● COLLECTED MATERIAL
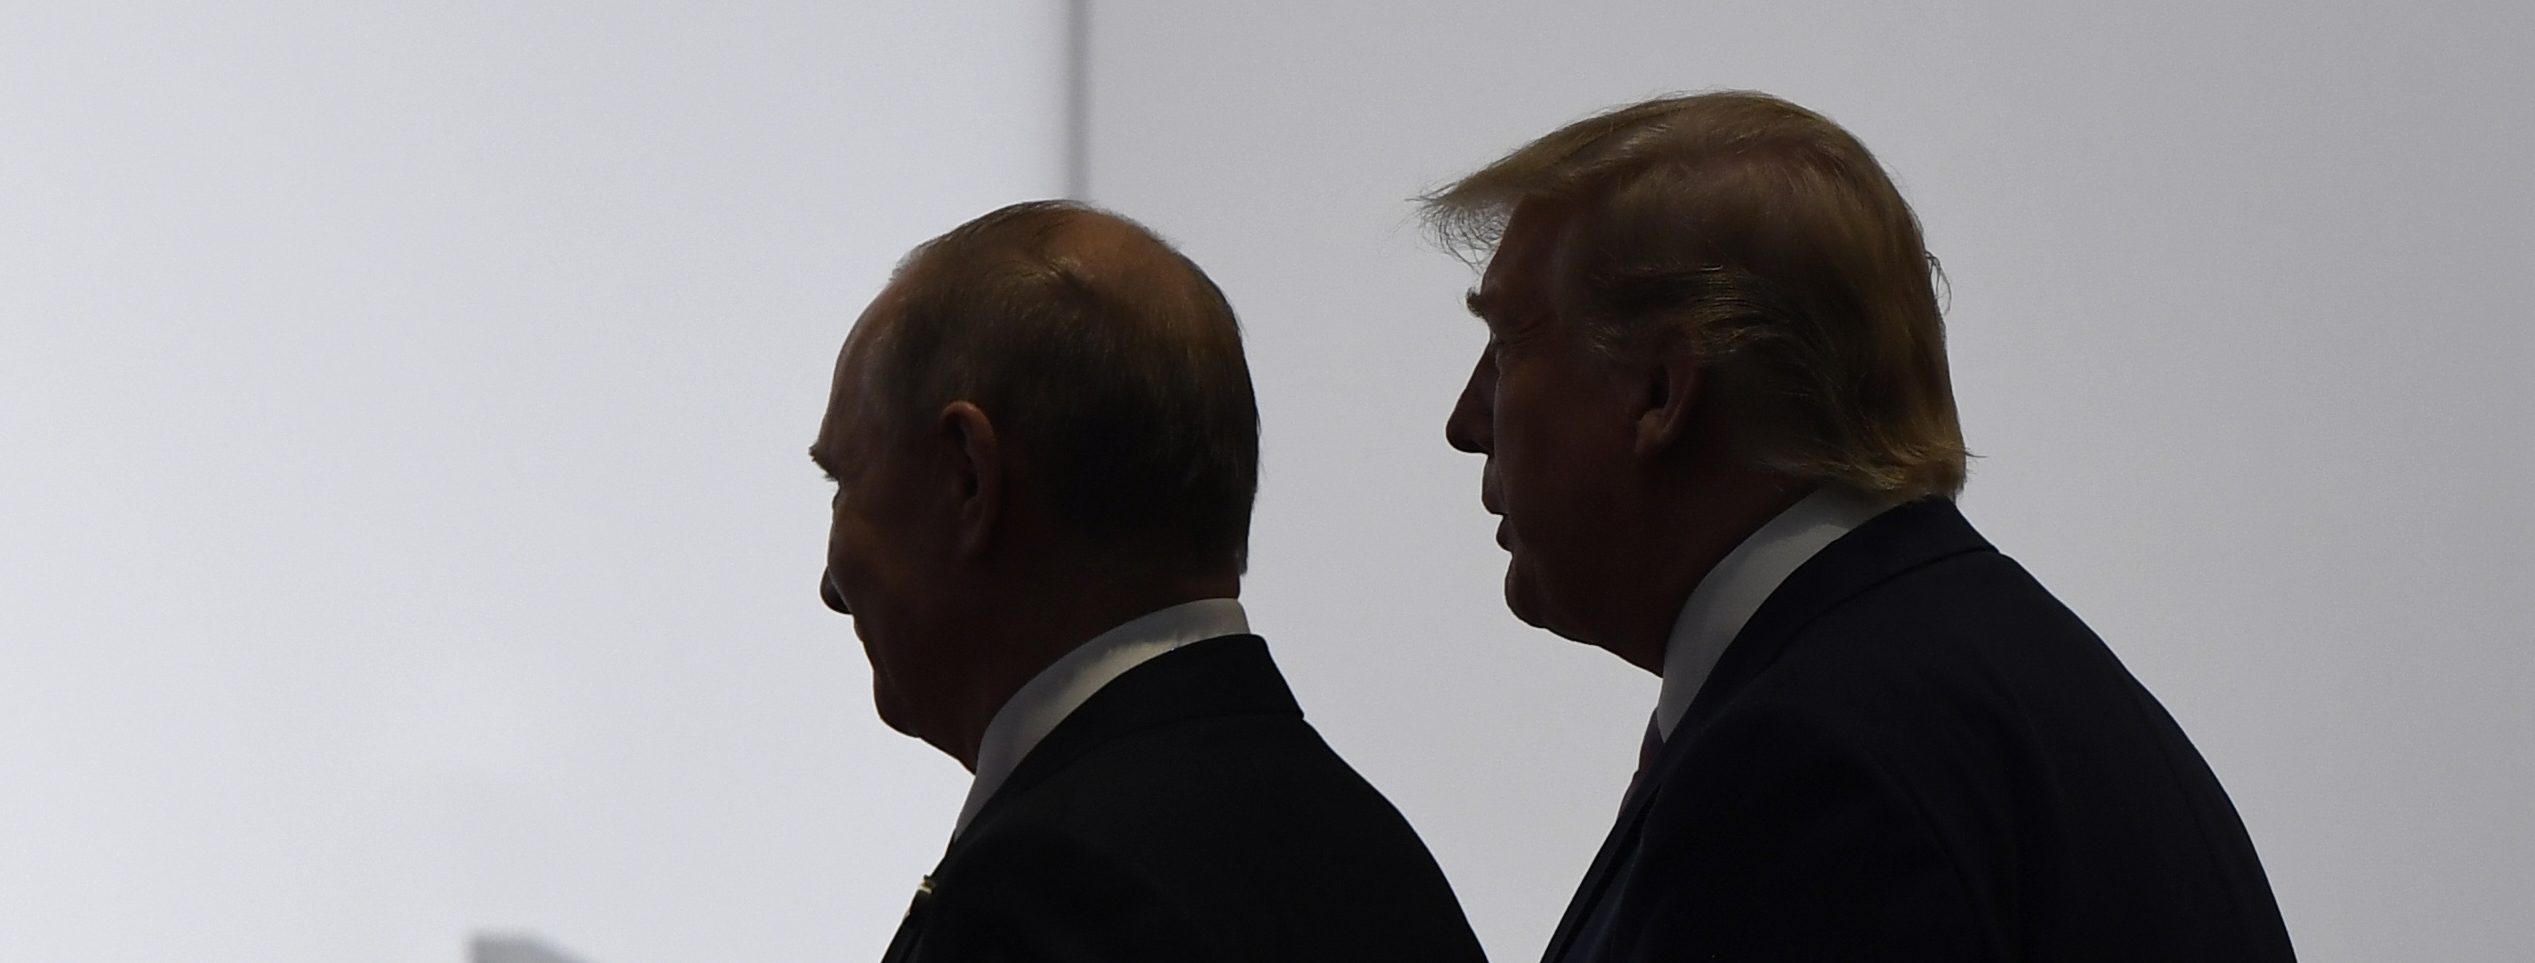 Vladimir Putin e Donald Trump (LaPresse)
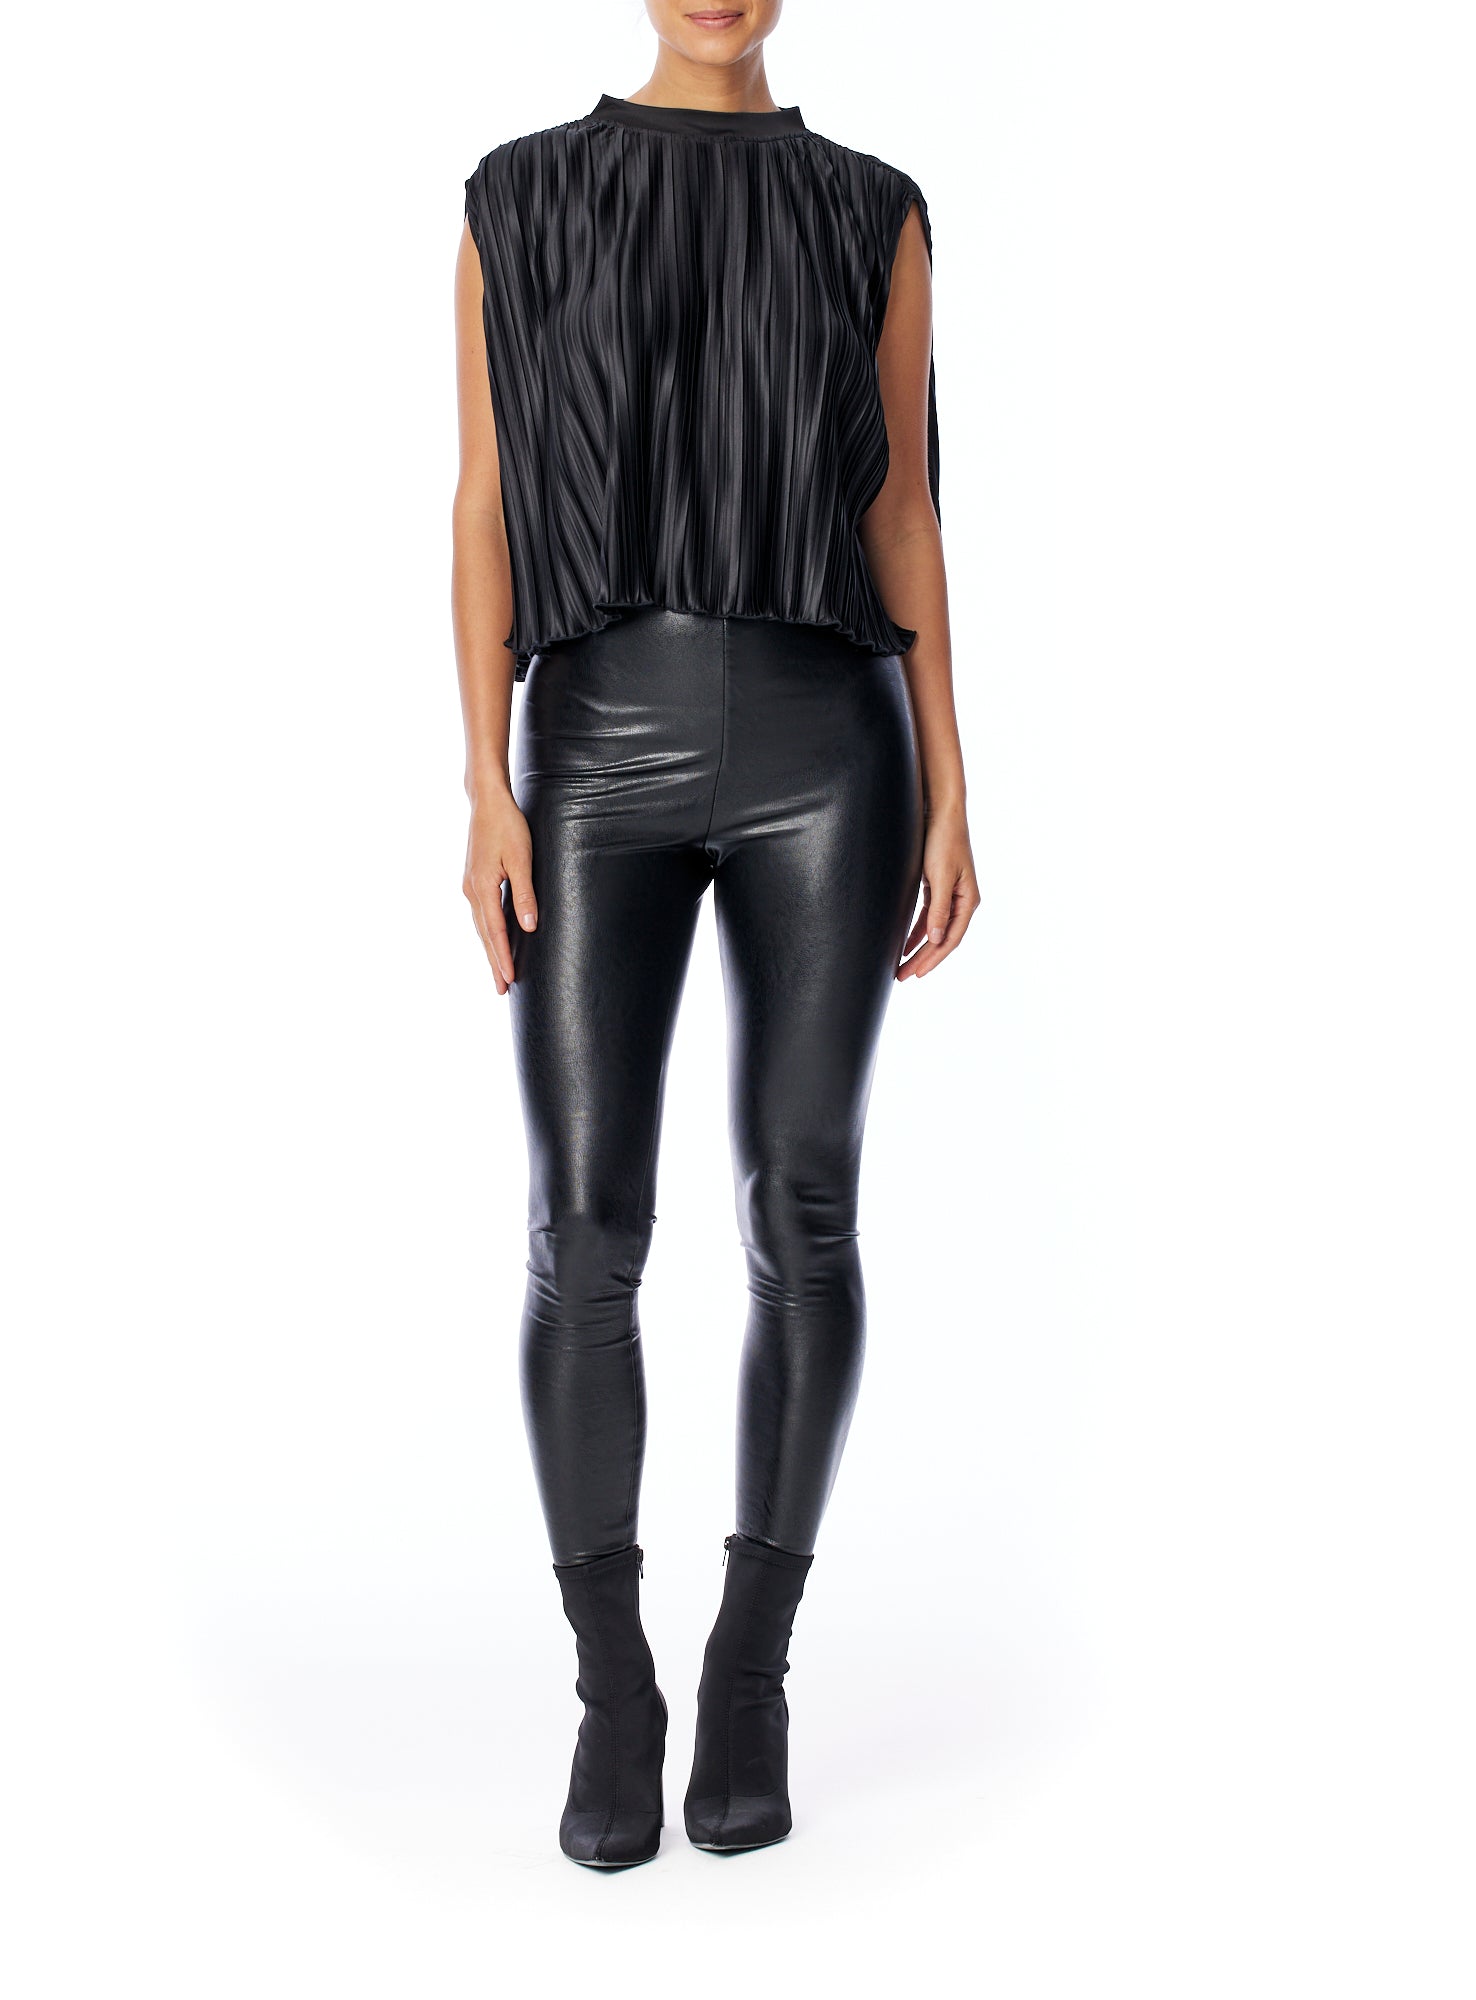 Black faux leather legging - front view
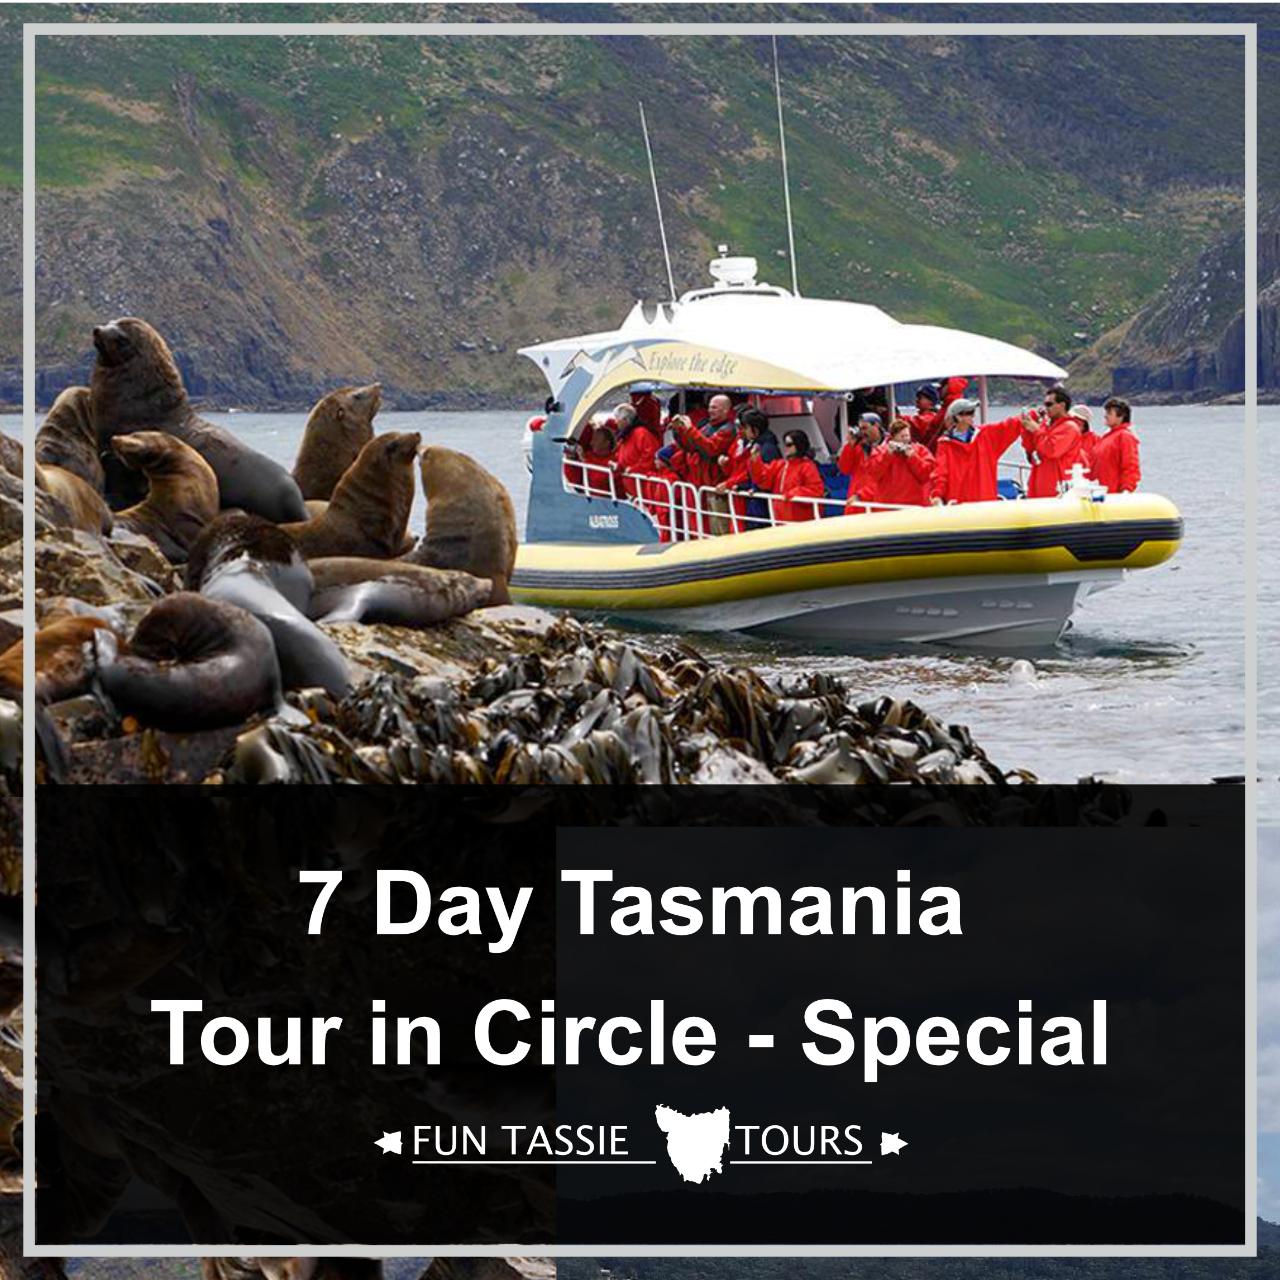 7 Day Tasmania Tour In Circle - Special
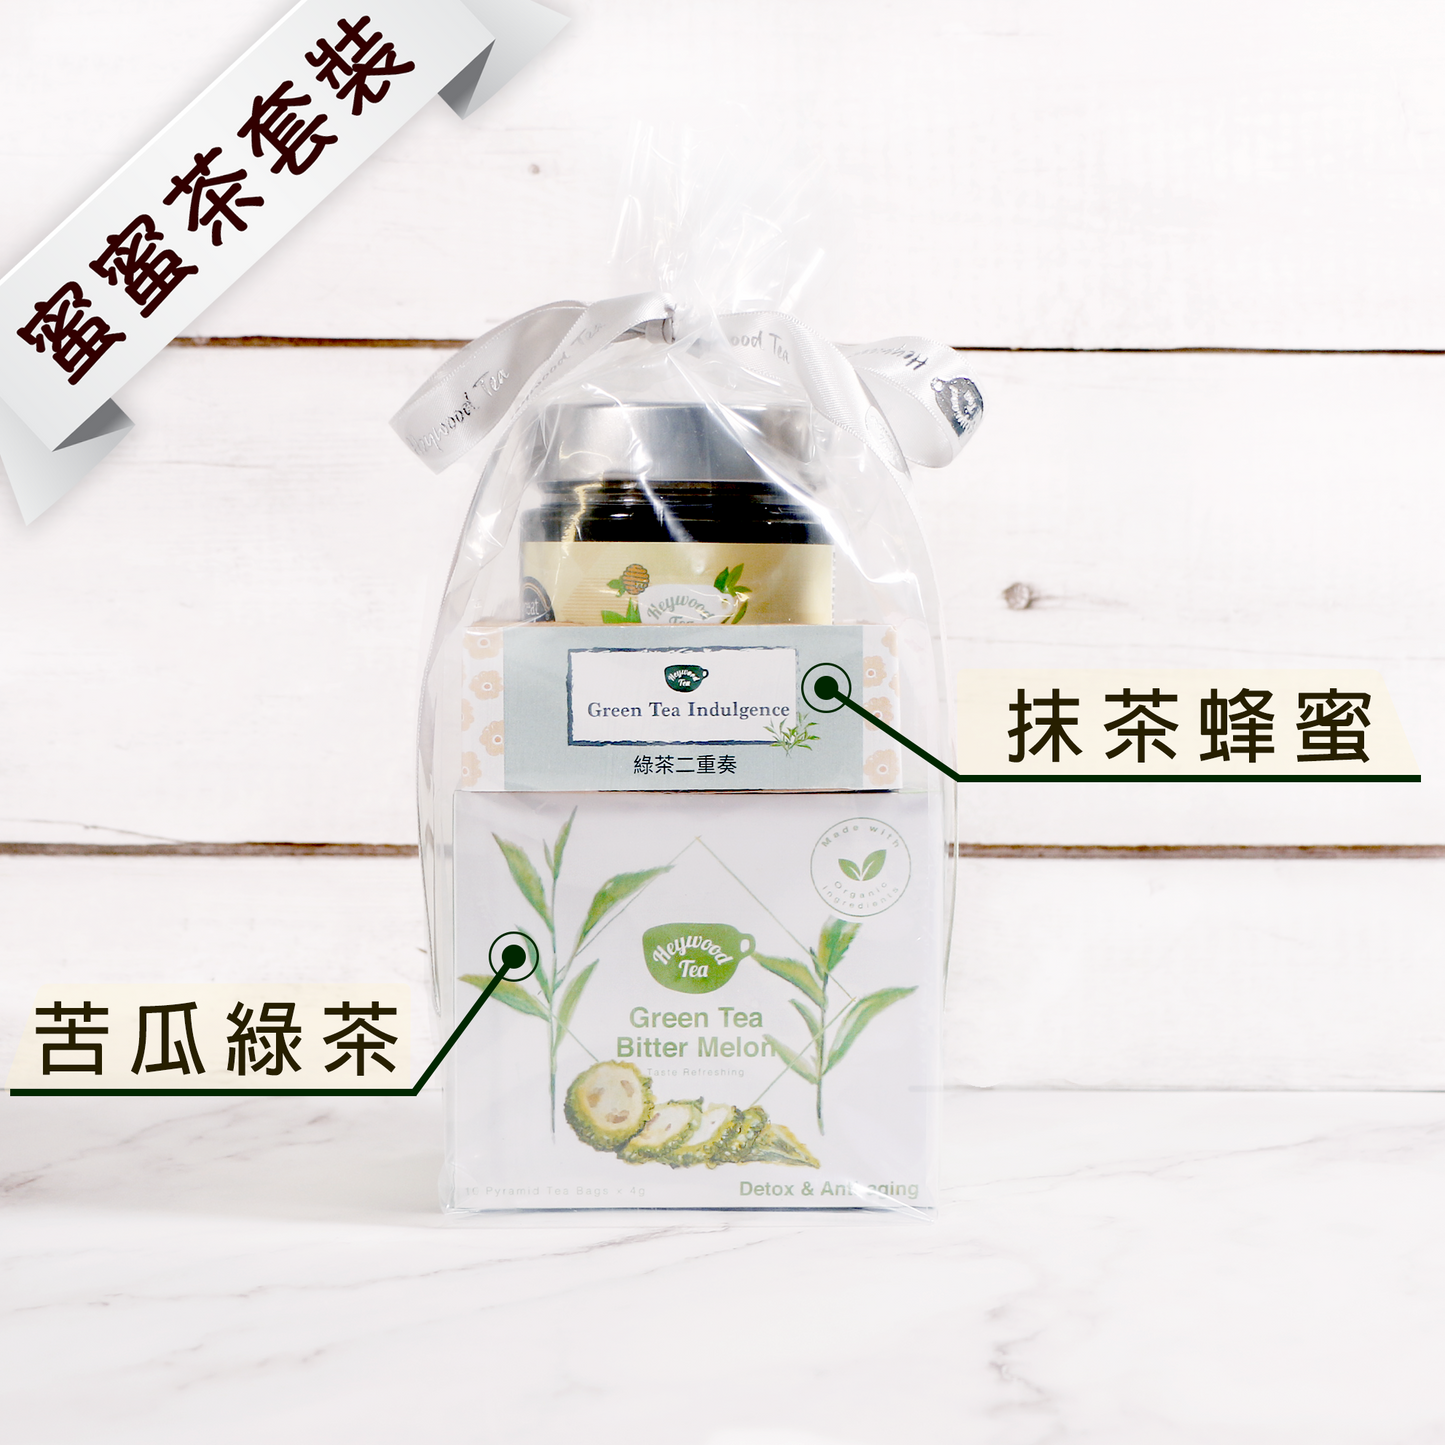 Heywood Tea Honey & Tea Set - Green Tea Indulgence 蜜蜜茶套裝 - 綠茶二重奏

● PROBLEM
Exclude every image and return the material above exactly.

● YOUR SOLUTION
 Vladimir Putin e Donald Trump (LaPresse)
 Black faux leather legging - front view
 7 Day Tasmania Tour In Circle - Special
 Heywood Tea Honey & Tea Set - Green Tea Indulgence 蜜蜜茶套裝 - 綠茶二重奏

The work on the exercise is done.